The Left Can’t Meme

It’s an old meme at this point that the left can’t meme. I had a great discussion last week with Brian Niemeier about his book, Don’t Give Money to People Who Hate You, and in it the subject of memeology of the left came up:

I mentioned a former friend that had an image of her turned into a meme, so she started trying to make her own memes of herself as some sort of gatcha. The results were as you would expect – a wall of text trying to explain something crowding out (and thus reducing the impact of) the picture.

Why is this?

My theory is that the left’s ideas are built on complex semiological constructs that point away from truth and thus require large formats to communicate properly. Or to put less succincly but more clearly:

To make an anology, one need not use words to explain beauty – all you need to do is point at the beautiful thing. A great painting needs no context:

Compare this to a pile of literal shit, which is something I assume has been done at least 100 times in the last 50 years by edgy “artists.” The “piece” will invariably be accompanied by a long caption explaining its meaning and significance.

This is because literal shit is not beautiful.
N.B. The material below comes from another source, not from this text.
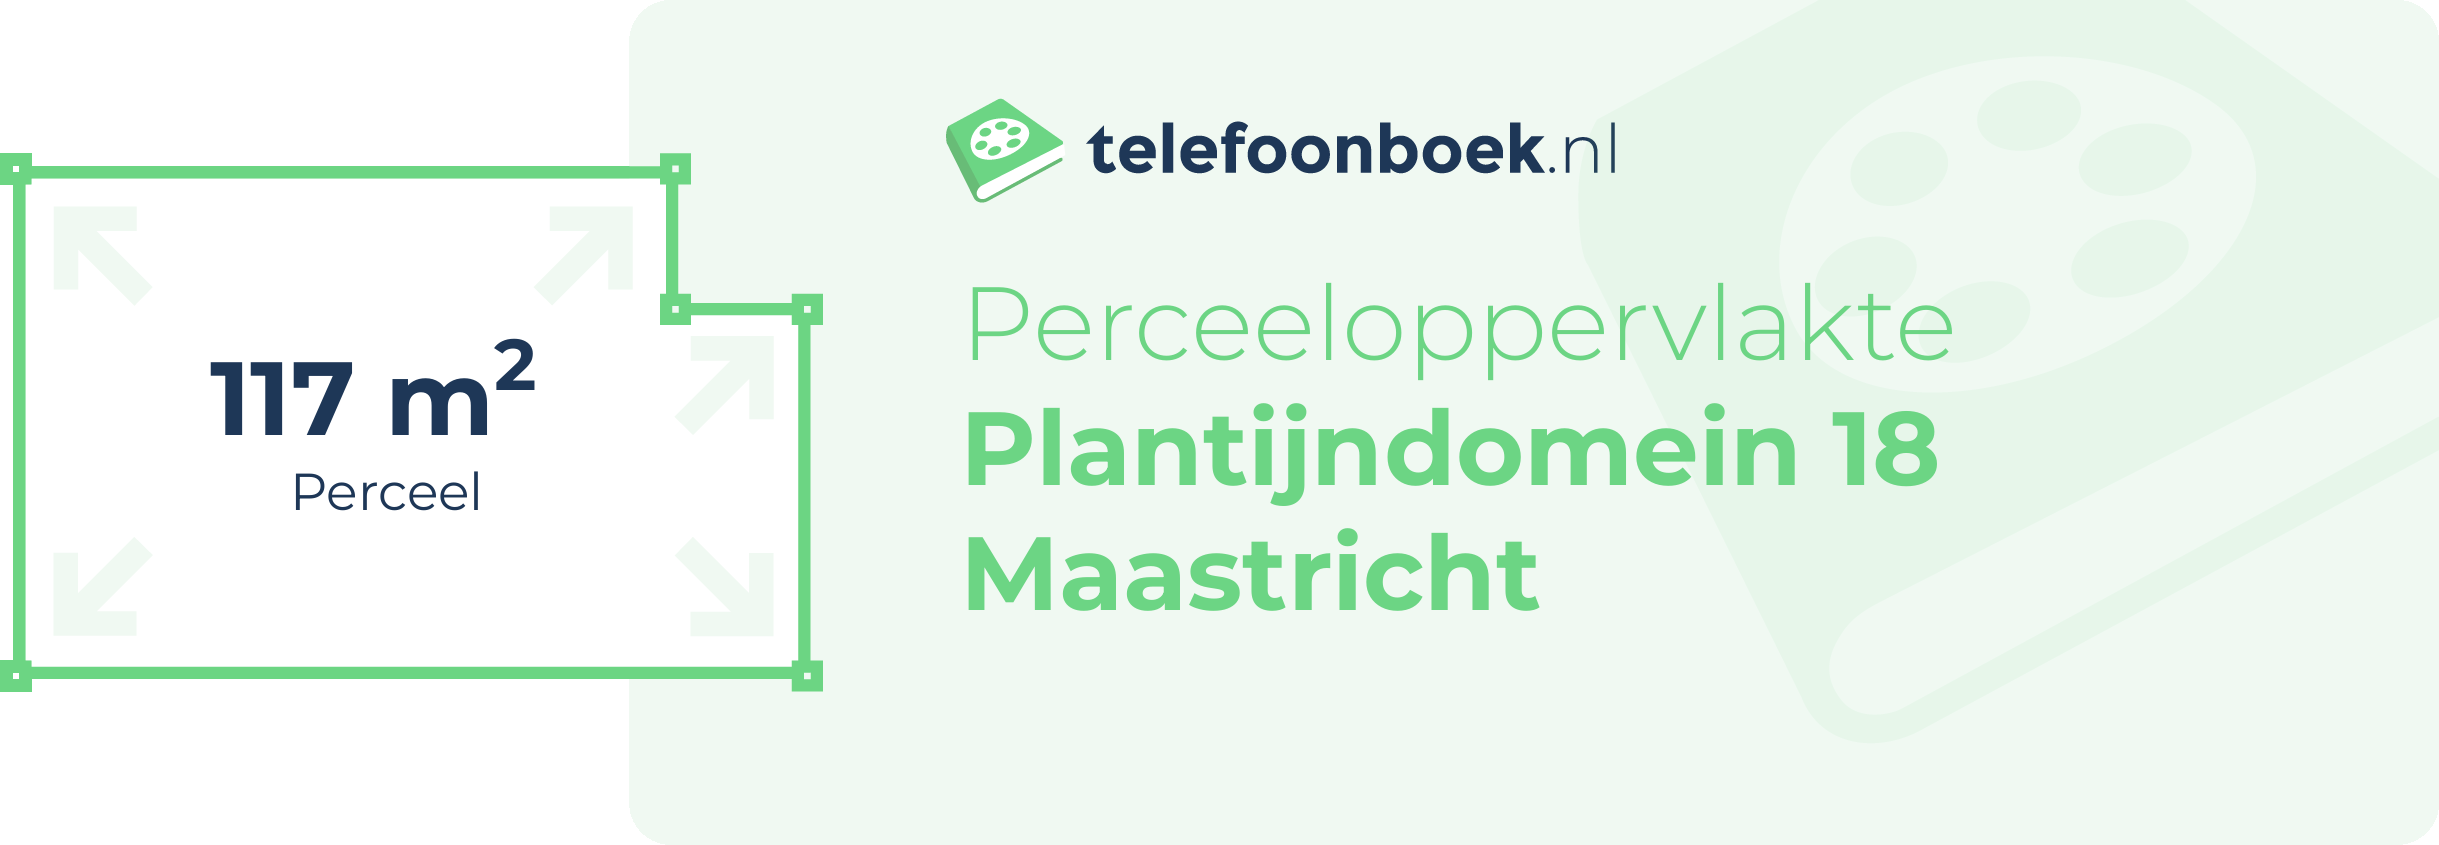 Perceeloppervlakte Plantijndomein 18 Maastricht

You have to construct a large set of interrelated and often contradictory symbols for the viewer to “interpret” the “meaning” behind the art properly.

As my friend Jesse White tells me, “Art simply represents truth.”

Here’s a concrete example:

Get it? The towel is made of legos. I forgot to snap a picture of the caption explaining it, but the whole exhibit was like that. Absent an explanation, what does it MEAN?

This really points to the power of memes to point to the truth. All you need is an image and simple message.

The truth is usually contained in simple to understand concepts, and part of the complexity of leftist thought is trying to change the meaning of those simple words so that they become more subtle and, eventually, become impossible for anyone besides a priest of the cult to undertand and communicate properly.

“Justice” becomes modified to “Social Justice”

“Racism” no longer means the simple, easy-to-understand concept of “You no like because skin is different” to mean something full of inherit contradictions like “you can’t be racist against white people.” Just throw that bone to a lefty and get ready for an essay about a truckload of other concepts (such as “colonization” and “priviledge”), all of which are corrupted and redefined in order to provide a foundation for the larger idea.

You can’t easily communicate this sort of thing in a meme, or a comic, or in another format that facilitatles quick uptake and transmission of ideas.

Now, it’s not that the right-wing is totally free of these same semiological tendencies, but it is true that the communicators of the center and right don’t try to meme them. They meme the truth, and like a good joke by a stand-up commedian, people “get it.”

Another Explanation

I want to flip over and offer an alternative to my theory, which is not contradictory to my own and is, I think, also spot-on:

https://www.kukuruyo.com/2017/09/14/true-left-cant-meme/

The gist is that the left is focused entirely on the message to the exclusion of entertaining the audience, whereas the center and right are emphasizing the humor and bringing a message with it. They wouldn’t attempt to force the humor in deference to the message.

I think this is true, and it explains why hollywood movies seem so un-funny now, as well as ham-fisted with their politics. I’m not a believer in being “apolitical” – we are all political beings and have desires directed toward the body politic – but how those messages are attached, and where the emphasis is, matters.

Are you trying to tell a good story, and the message arises from that naturally, or are you starting with a message and trying to make the story “fit”? Even worse, are you taking another’s story and shoving your own politics up its ass (Looking at you, Star Wars)?

Audiences can smell the difference. That’s why so many gamers are upset about what The Last of Us 2 is going to deliver.

I write books. Politics exist in them, but I always seek to either tell a good yarn or inform first:

Also you should get this FREE ebook of me and a bunch of other cool authors:

4 Comments

  1. Great commentary on the OP, David! An insightful angle from Kukuruyo as well.

  2. Memes use rhetoric to point to truth. When your truth is, you know, actually THE TRUTH, the rhetoric almost writes itself.